For us (and probably for many others), the Royal Oak is the most iconic model from Audemars Piguet, and the reasons for this are countless. Beginning its journey in the 70s, thanks to the deft touch of Gérald Genta, this series has undergone numerous iterations, but a few things have never changed – the octagonal case, the “waffle” dial, the design of the lugs, etc. However, unlike most other brands that exploit the success of their iconic models by largely adhering to the original design, AP allows itself to go in a different direction. And thanks to this boldness, we have the opportunity to enjoy all sorts of interpretations of colors, sizes, materials, and names...
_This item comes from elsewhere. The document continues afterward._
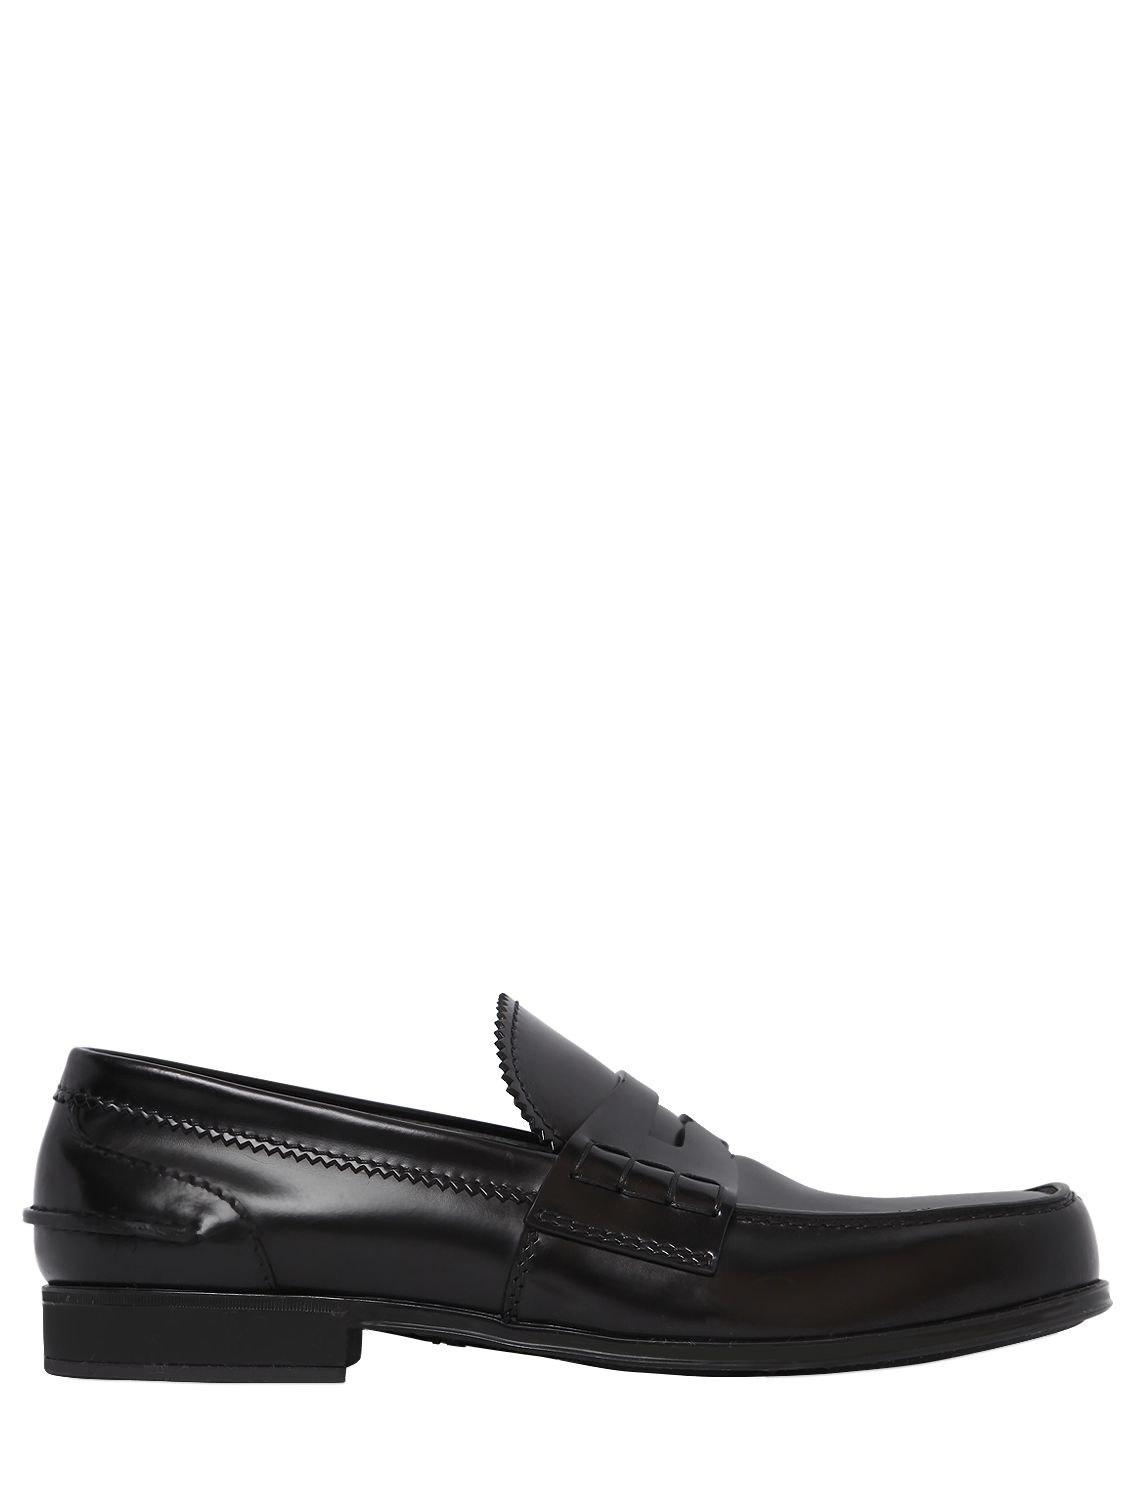 Prada Brushed Leather Penny Loafers in Black for Men - Lyst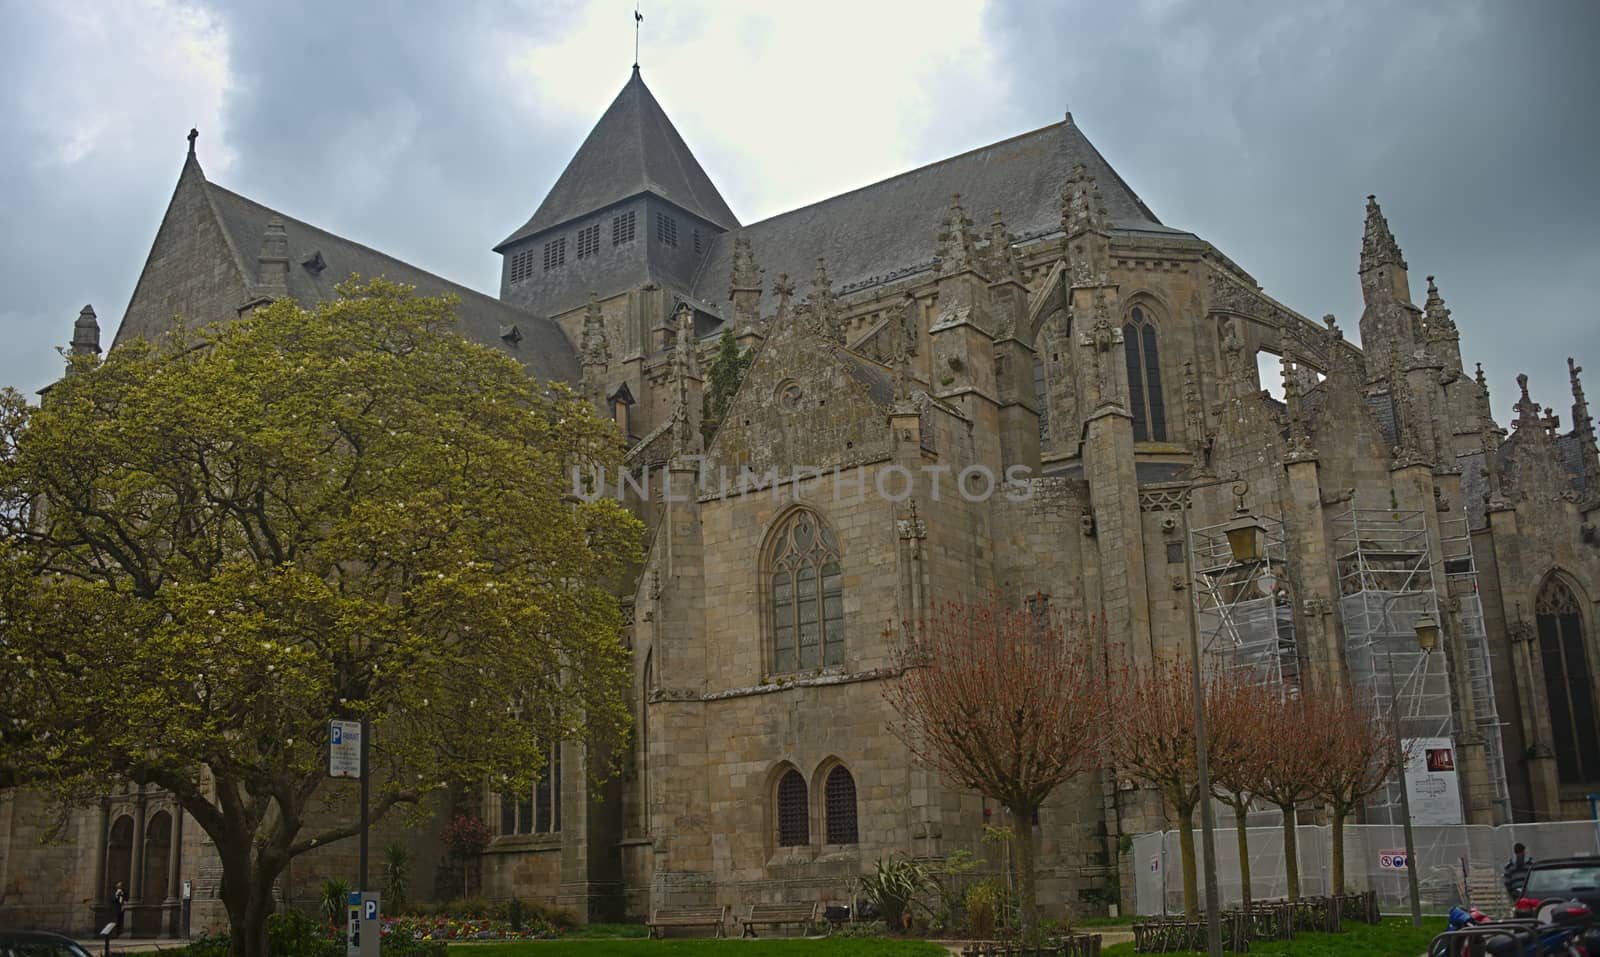 Huge old medieval stone catholic church in Dinan, France

The model presented today, however, is probably the most special, as it not only differs from everything offered by AP up to that point, but the brand has not released such a bold design since. Created at the beginning of the financial crisis in 2008, it seems as if it was intended for the apocalypse predicted by many, following the collapse of the financial system around the world. And to manage to survive in such an environment, AP of course has a proposition – the Survivor, but since we are talking about an exclusive offer, the series was produced in a short run of 1000 pieces – available only to truly discerning gentlemen 😉
Its size is 42 mm – which is a much more comfortable option than the 48 mm of the Terminator, and its appearance simply screams – “I am ready to accompany you through any hardship”! It is not for nothing that most articles and reviews about this model say it looks as if it was taken from the props of “Mad Max” – and here I cannot help but agree. The chronograph pusher guards are executed in the design of a hand grenade, the crown is an exact copy of parts of the barrel of a Barrett .50 cal sniper rifle; the unique strap (fitted exclusively to this model) has the design of a heavy machine gun belt, the texture of the ceramic bezel (again, exclusive to the model) echoes the cooling fins of a Barrett, and looking closely at the sub-dial at “12 o’clock” allows you to imagine exactly what a professional sees while aiming through its optical sight. And last but not least, we must draw your attention to the drilled lugs – the design is borrowed from the famed Heckler & Koch 416. Never again did AP allow themselves such boldness in the design of their models, and for this reason, this one will forever remain unique, and for that reason, sought-after and valuable!
As most of you probably know, in the first versions of its Offshore chronographs, AP used caliber 2226/2840, and this was the case up to and including 2007, when this cult movement was replaced by the new in-house 3126/3840 – a modular chronograph based on the 3120 with a Dubois Depraz chronograph module – operating at the usual AP frequency of 21,600 vibrations, with 365 parts, 59 jewels, over 50 hours of power reserve, and to emphasize the noble origin of the movement, the balance is crafted from 22-karat gold – this model is in fact one of the first to receive this very movement.
This is one of the brand's models that will certainly continue to increase in value, and today's offer is one of the last opportunities to acquire a wonderful example at a reasonable price.